A land trust is a pass-through entity that becomes the owner of a specific property. For this exercise we will only discuss the ownership of real property, specifically real estate. These documents are much hated by Realtors, lawyers, lenders and municipal governments to mention a few, but loved by real estate investors who understand them.
A land trust is a simple document which becomes the controlling or holding vehicle of a specific property. Its life span is limited to the term imposed in its internal clauses and extinguishes itself if the property is sold. Essentially, one property in, same property out and poof, the trust no longer exists!
The trustee of the trust administers the day-to-day financial dealings of the trust, but the owners are called the Beneficiaries. The trustee may or may not be the trustee. The trustee must be an individual; the beneficiaries can be individuals, partnerships, corporations, LLCs or other different type entities.
Trusts are hated by lawyers because they don’t make as much money on them as they do with LLCs or corporations and they are most commonly used to convey property by transfer of the beneficial interest without doing a formal closing.

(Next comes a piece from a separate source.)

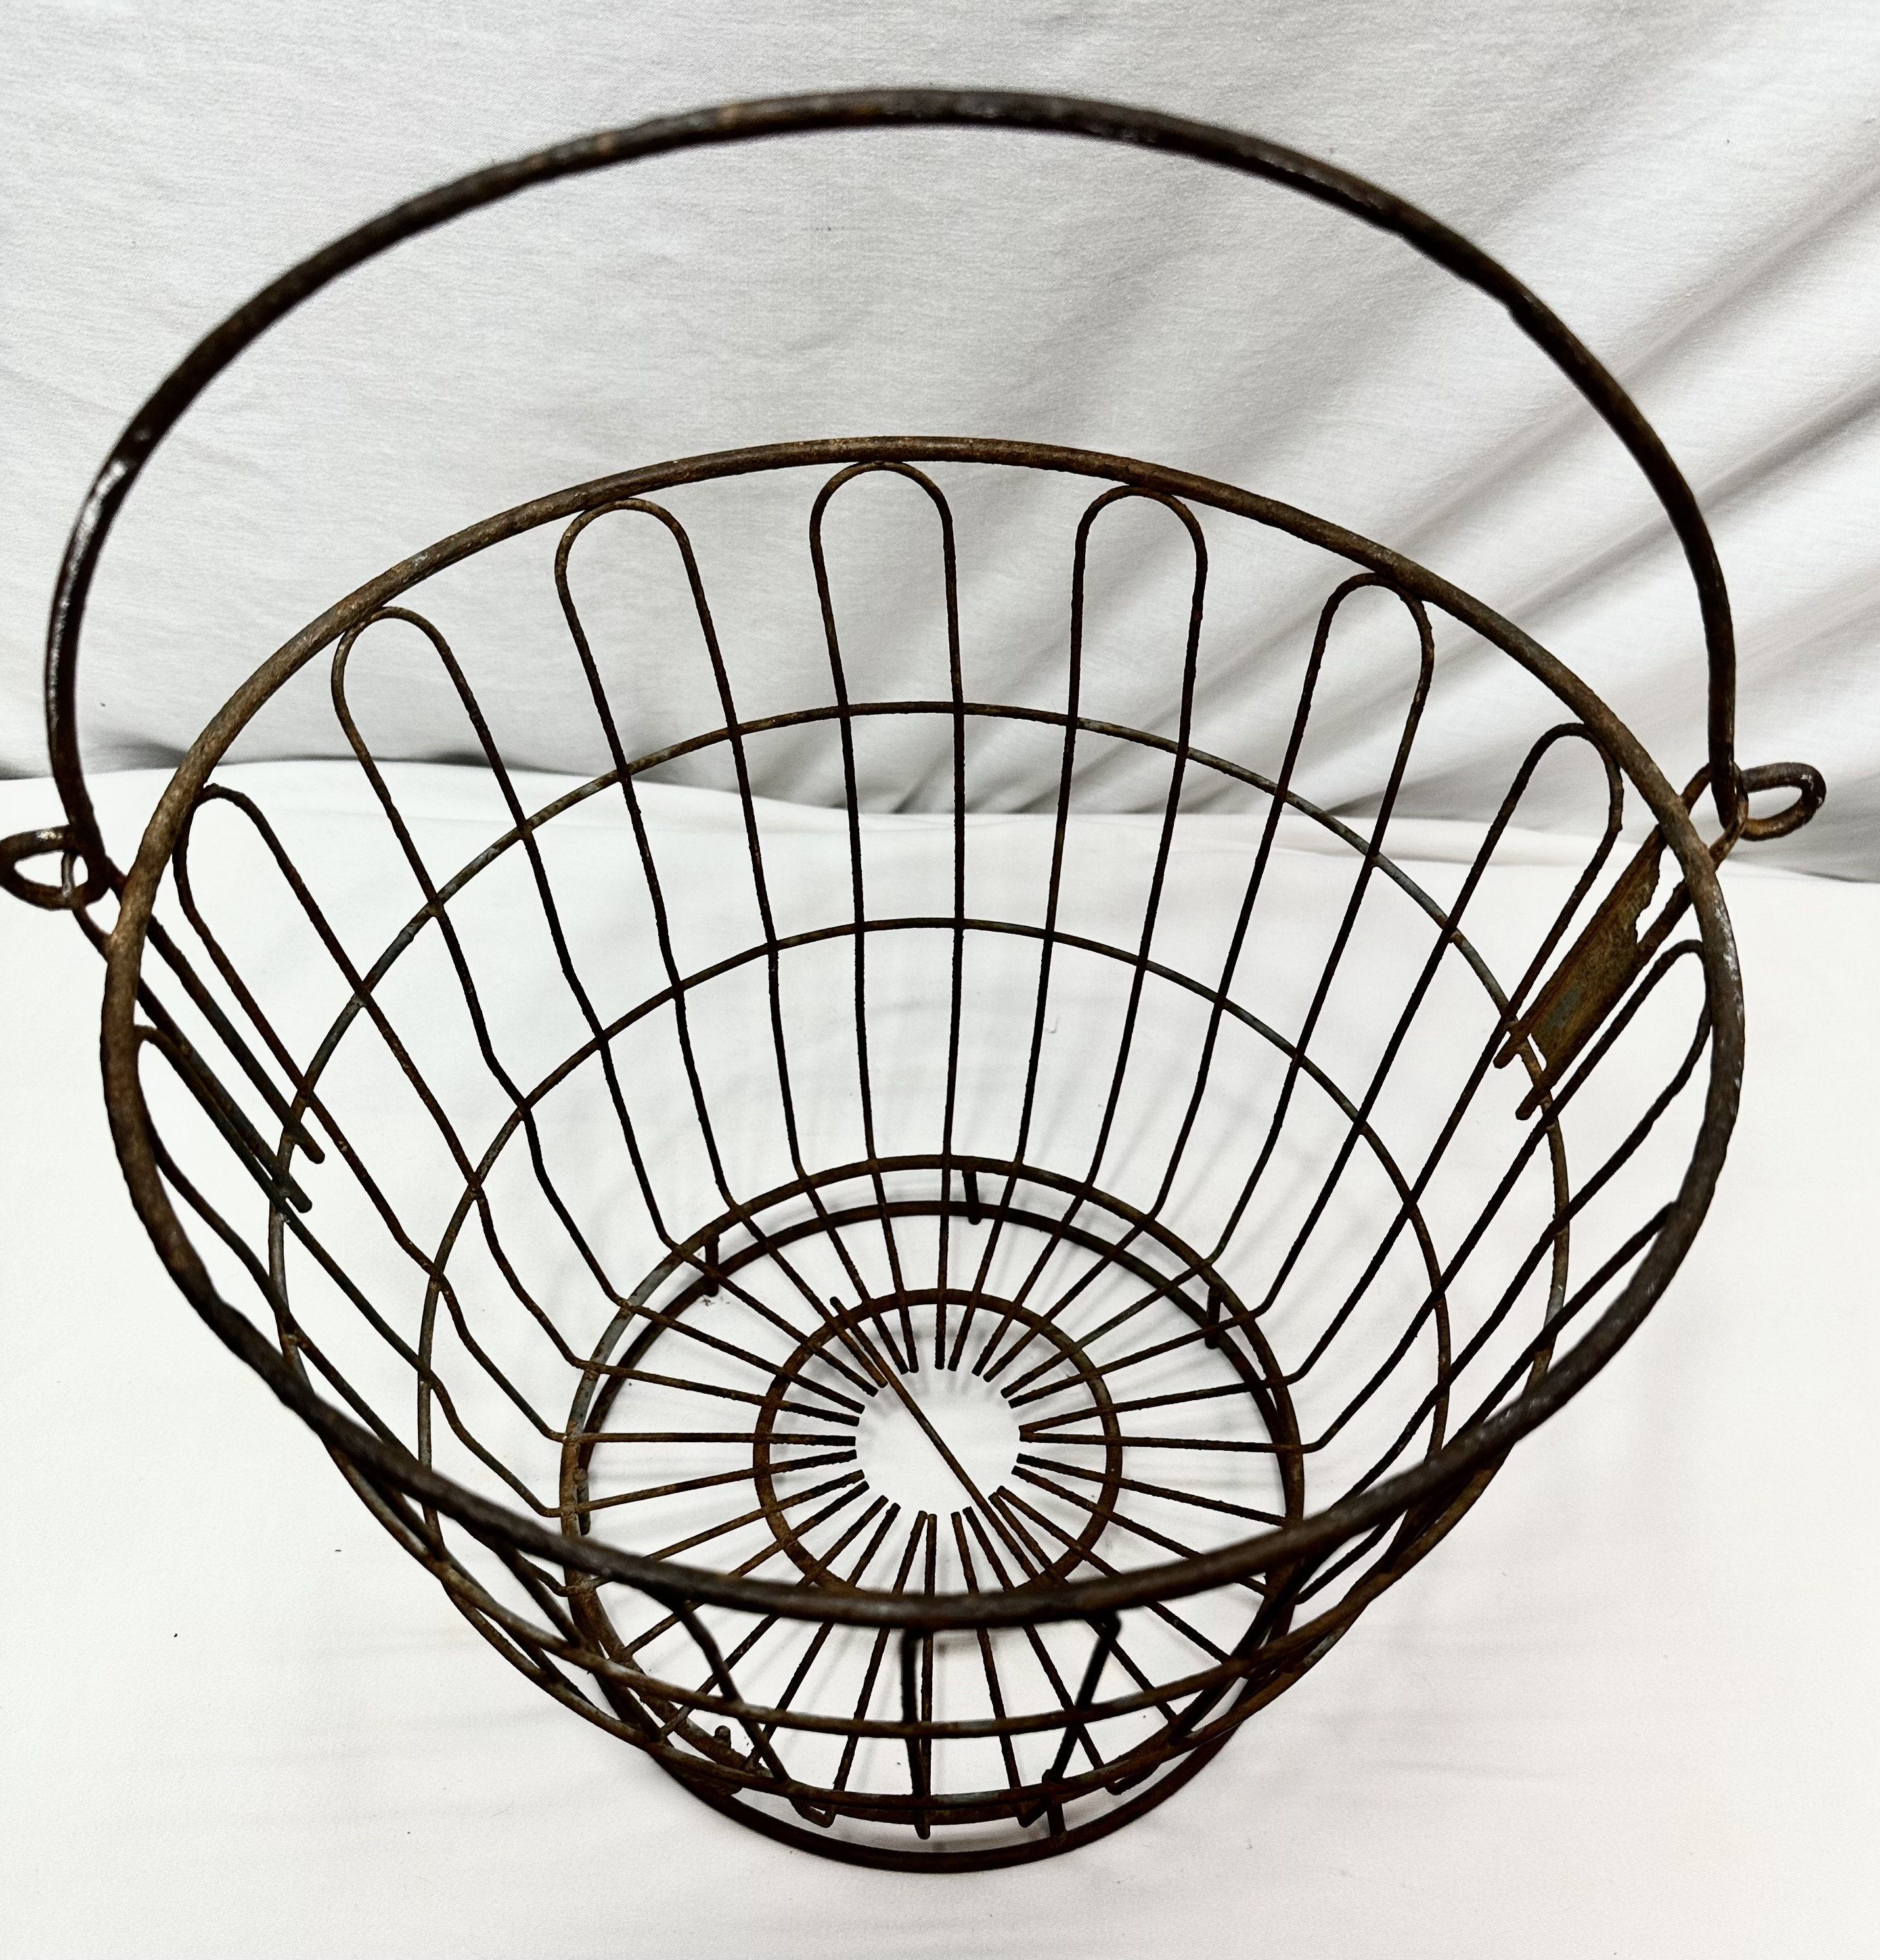 LINCOUNTRY Egg Basket for Gathering Fresh Eggs,Egg Baskets for Fresh Egg  Farmhouse,Egg Collecting Basket,Round Metal Wire Egg Basket With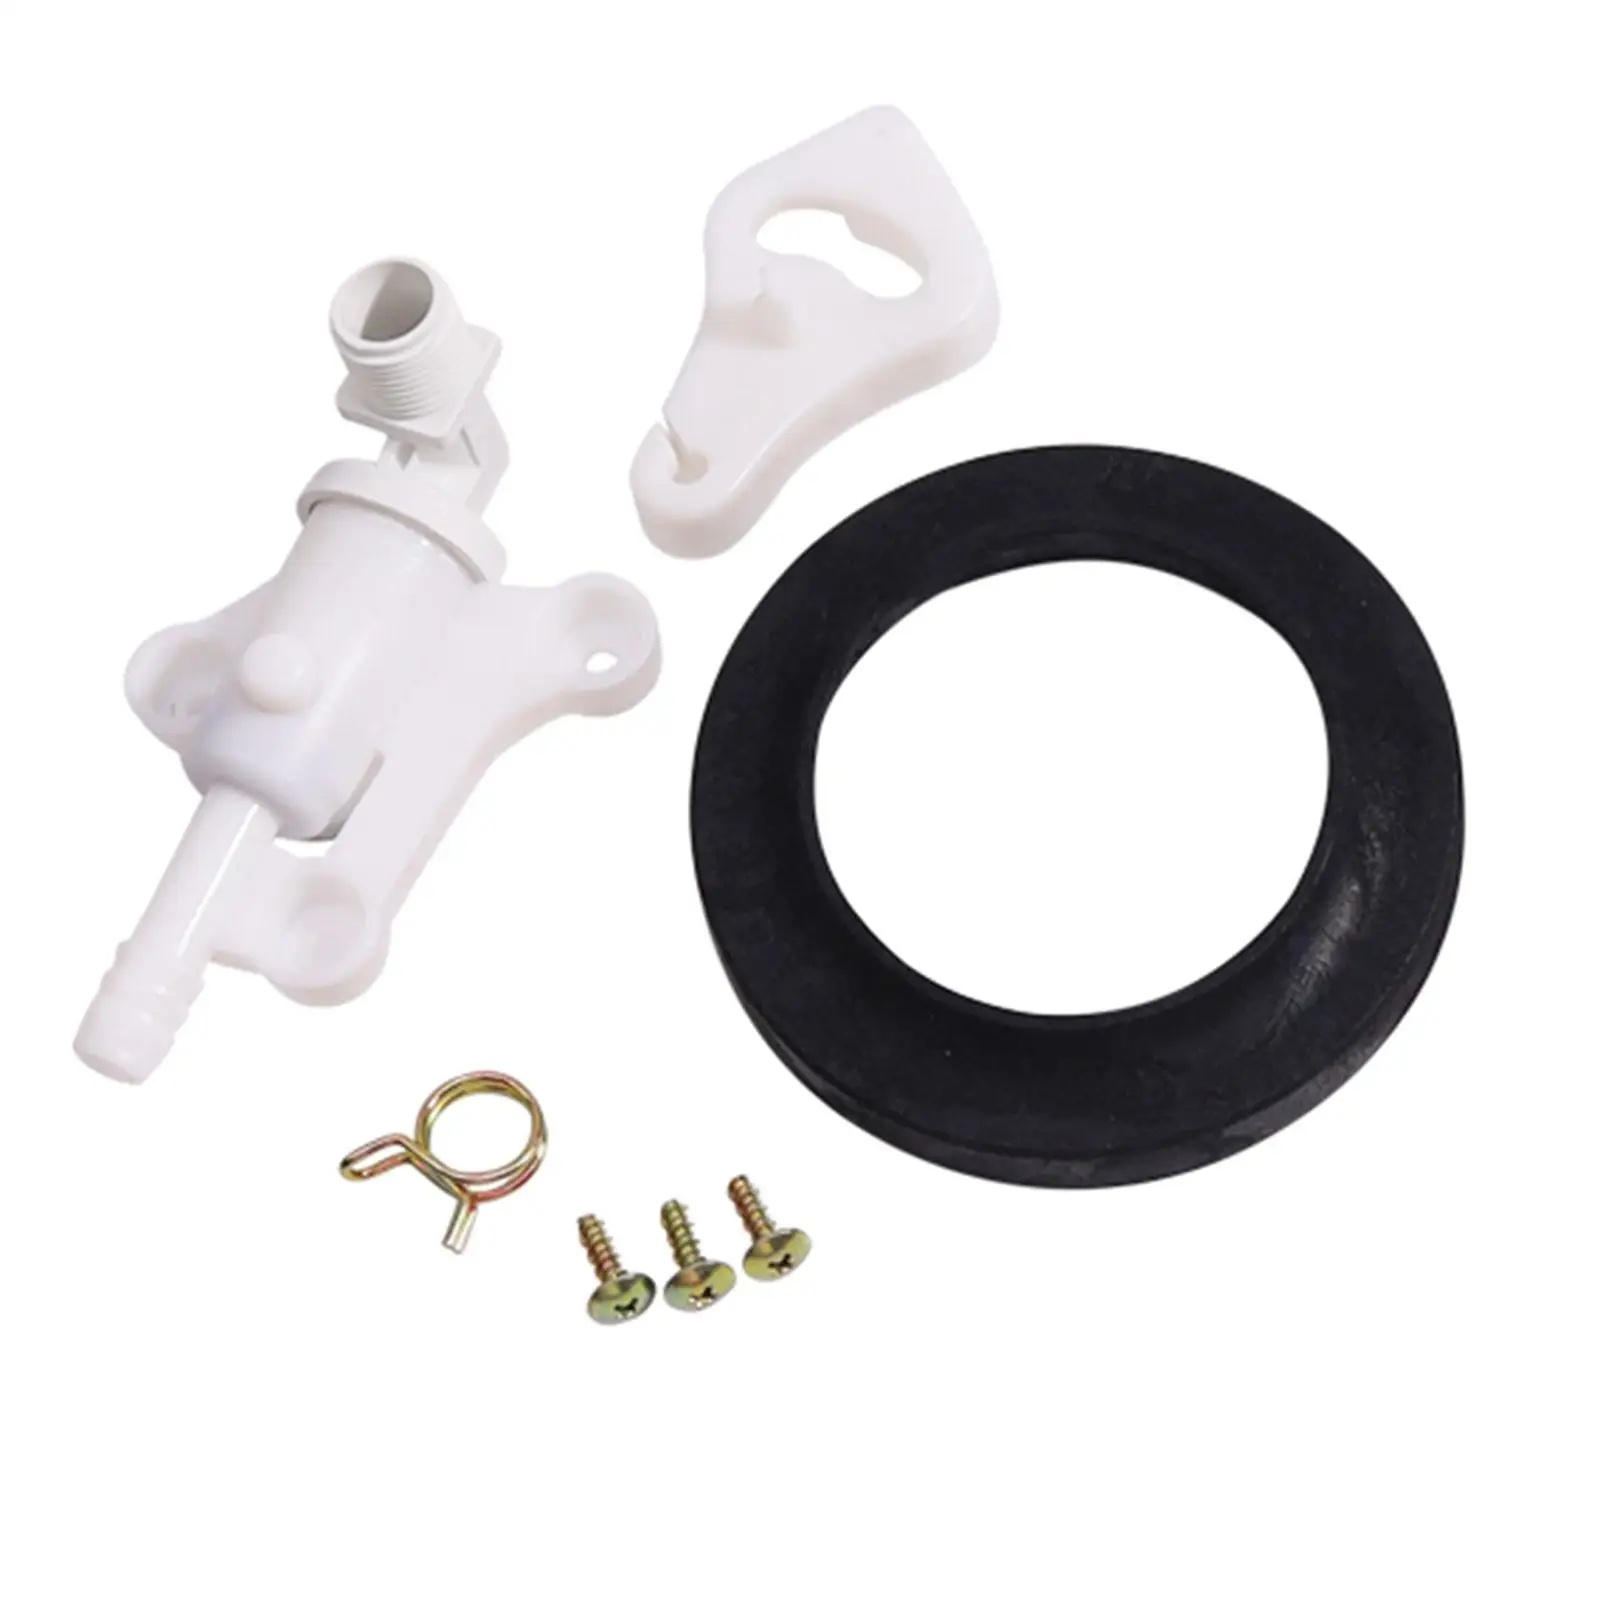 34100 RV Water Valve for Style Lite Toilets Accessory Replacements for Durable Easy to Install Convenient Practical

Realtors don’t understand land trusts and because of that, they tend to believe they are illegal. Because they are not taught about them in real estate schools and various state regulations can vary about the actual administration and legalities of them.
If a buyer of a property is a land trust, Realtors care less because a sale is a sale. If the seller of a property is a land trust, the closing agent must understand how they work or these deals can be harder to close.